5. Where access to University data is essential for operational reasons. Such access will require the express approval of the Registrar. Personal material will remain confidential.
5.5 System administrators may copy user data or lock an account to preserve evidence until such time as approval for further investigation can be granted.
5.6 Users should note that the images captured by the University’s Closed Circuit Television Cameras (CCTV) may be recorded and used to prevent or detect crime or breaches of University regulations. The access card systems also record the movements of users and this data may also be used subject to the same conditions as other recorded data.
5.7 Users are required to protect any private or confidential data appropriately. For instance sending such unencrypted data over an unsecured medium such as Email is not acceptable.
User: Any person making use of University IT facilities. This includes but is not limited to all staff, students, and any other person or group granted access to the University facilities by a Designated Authority.

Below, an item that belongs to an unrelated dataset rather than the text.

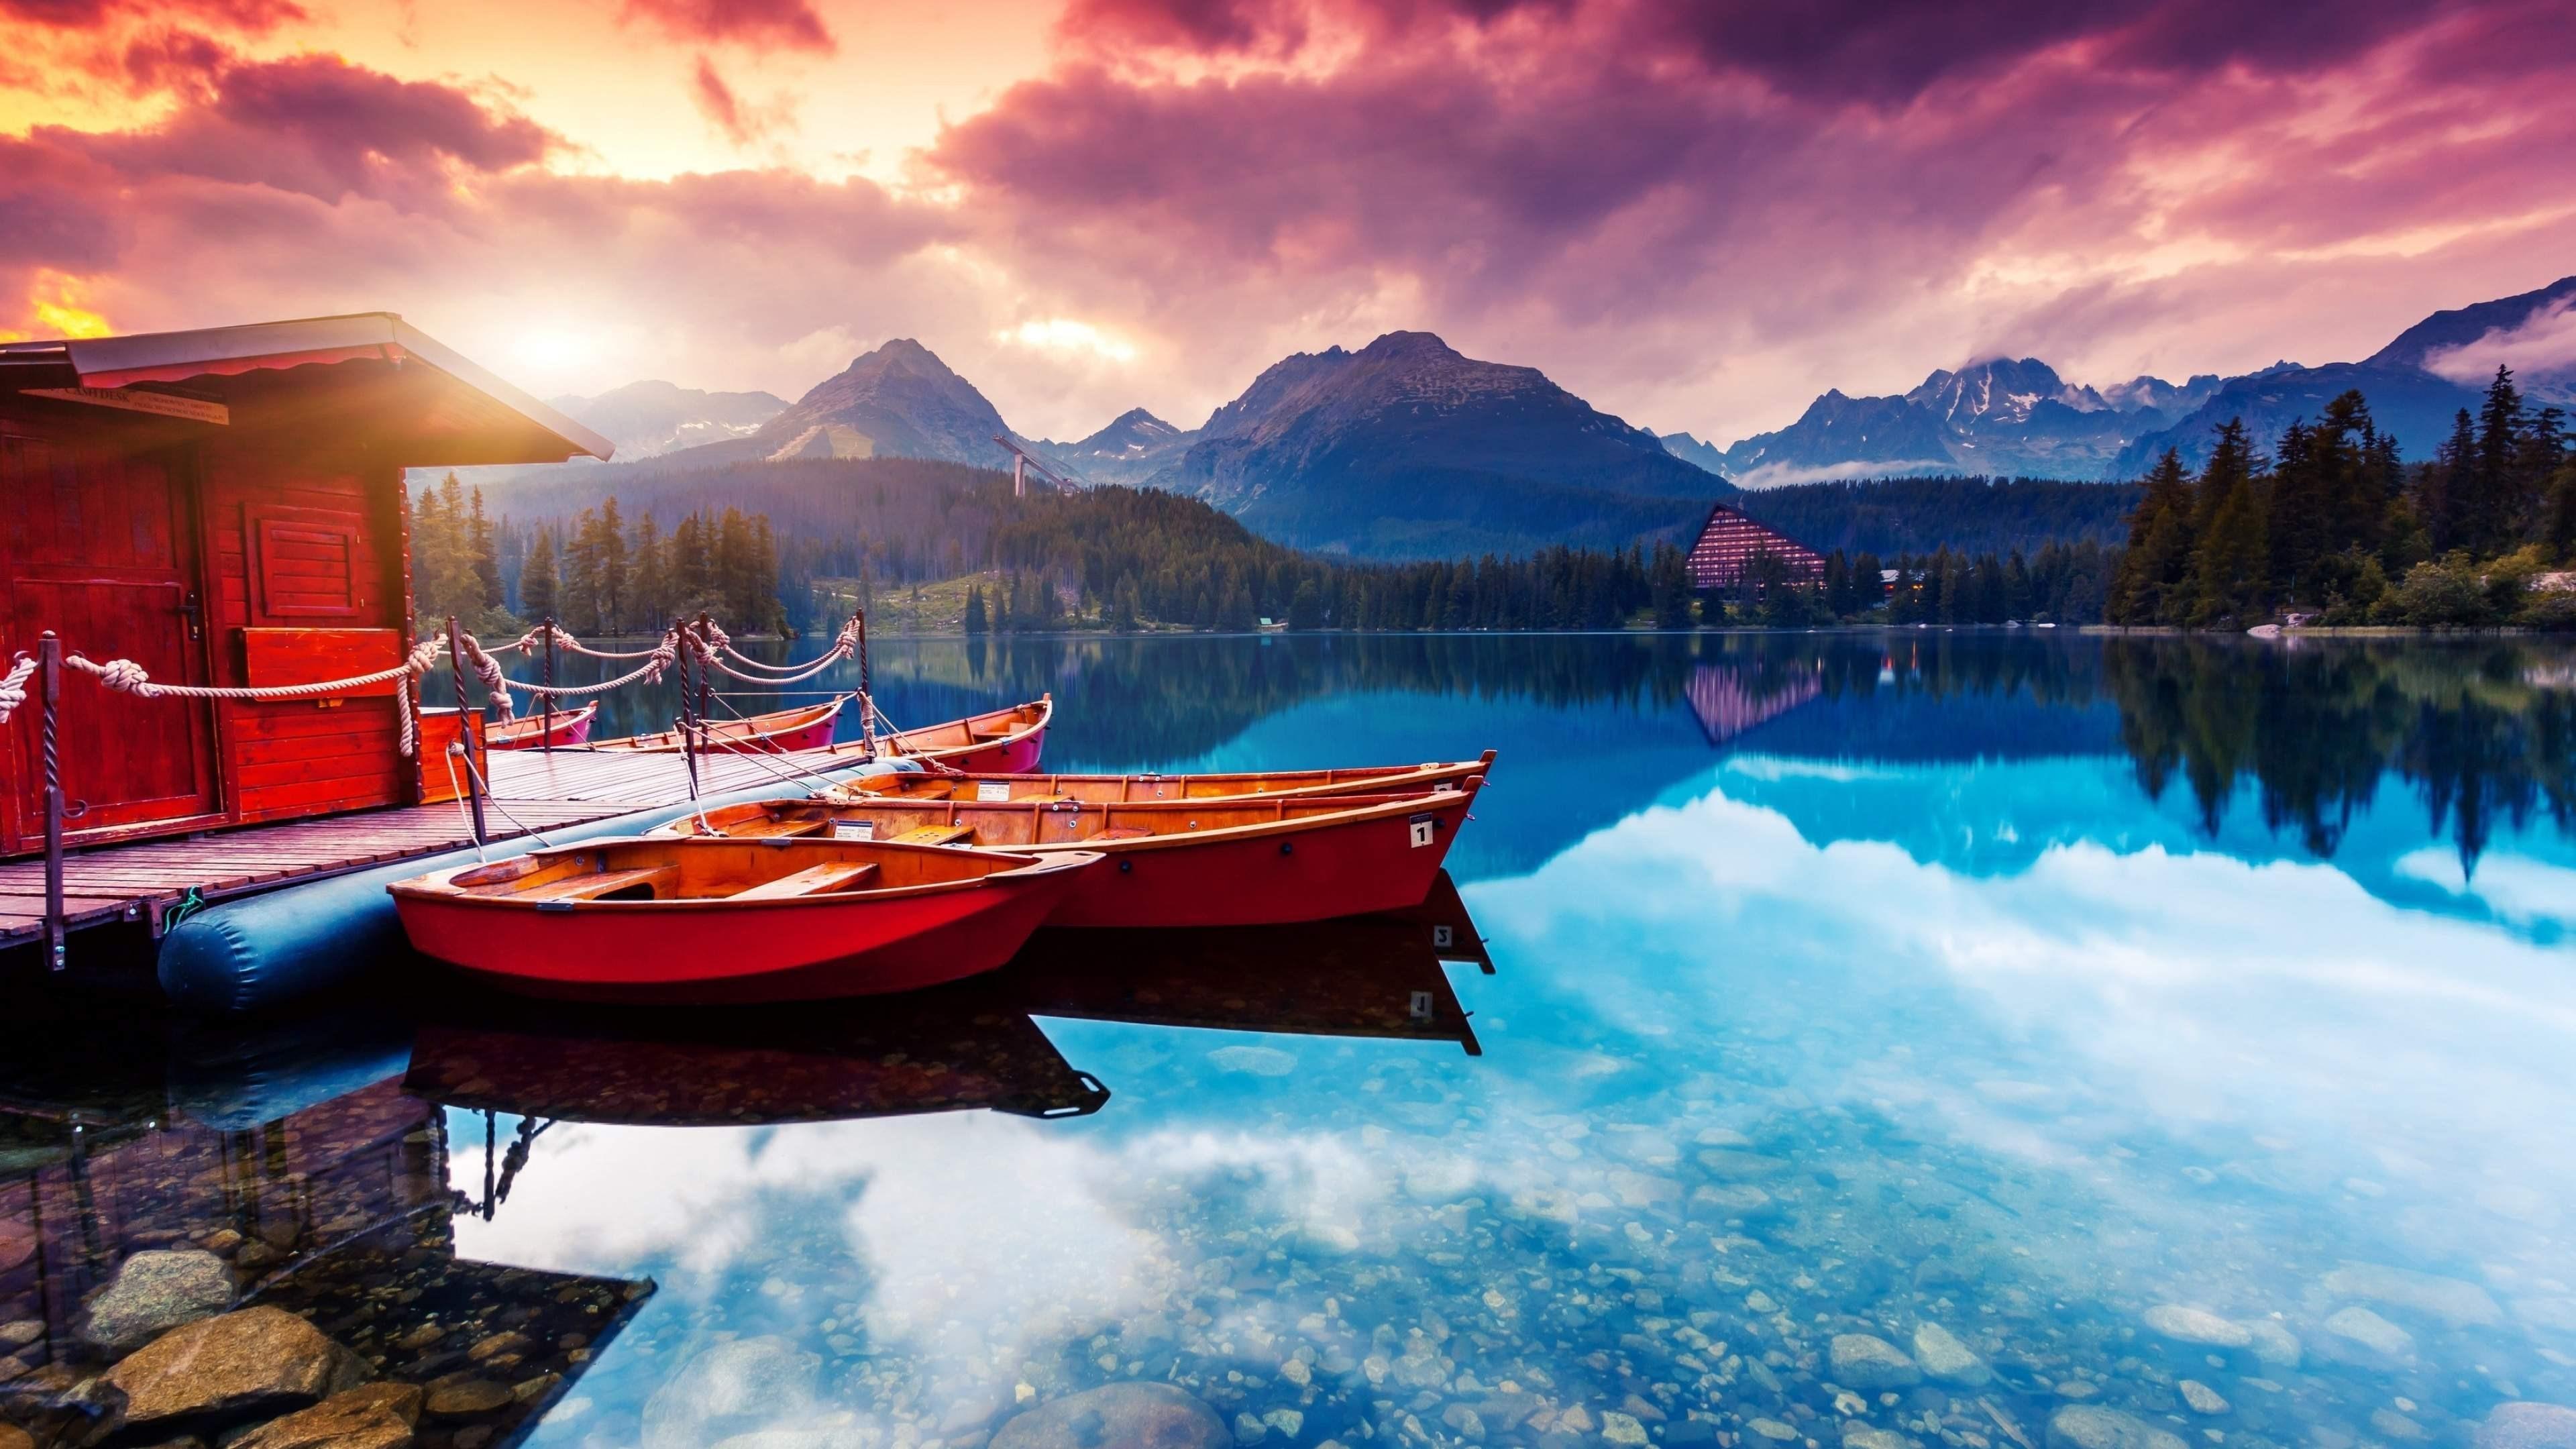 Wallpaper Beautifull Cityscape In The World Hd Wallpaper Landscape 4k

Authorised Systems Administrator: A member of staff who administers systems holding data belonging to others. They are bound by legislation and are required to sign a Declaration that they have read and understood the Charter for System and Network Administrators.
Designated Authority: The Designated Authority for IT facilities is whoever is responsible for their provision. Thus, in the case of centrally provided facilities, the Designated Authority will be the Director of Information Services or a nominee and, in the case of departmentally provided facilities, it will be the Head of School or Department concerned or a nominee.
Hacking: An abuse of the University’s IT facilities. Such abuses include:
1. Attempts to access or actions intended to facilitate access to computers, data or network equipment for which the individual is not authorised.
2. Unauthorised resale of data or services.
3. Attempts to damage or deny service from computer or network systems.
4. Attempts to monitor data on the network or to introduce spoofed packets or forge routing or switching information.
5. Deliberately scanning for or attempting to make use of any security bug or weakness.
6. Deliberately introducing any virus, worm, Trojan horse or other such software into any IT facility, or taking action to circumvent any precautions taken or prescribed by the University to prevent this.
Information Technology (IT): For this policy IT is defined as any operation involving the manipulation, transmission or viewing of data by electronic means.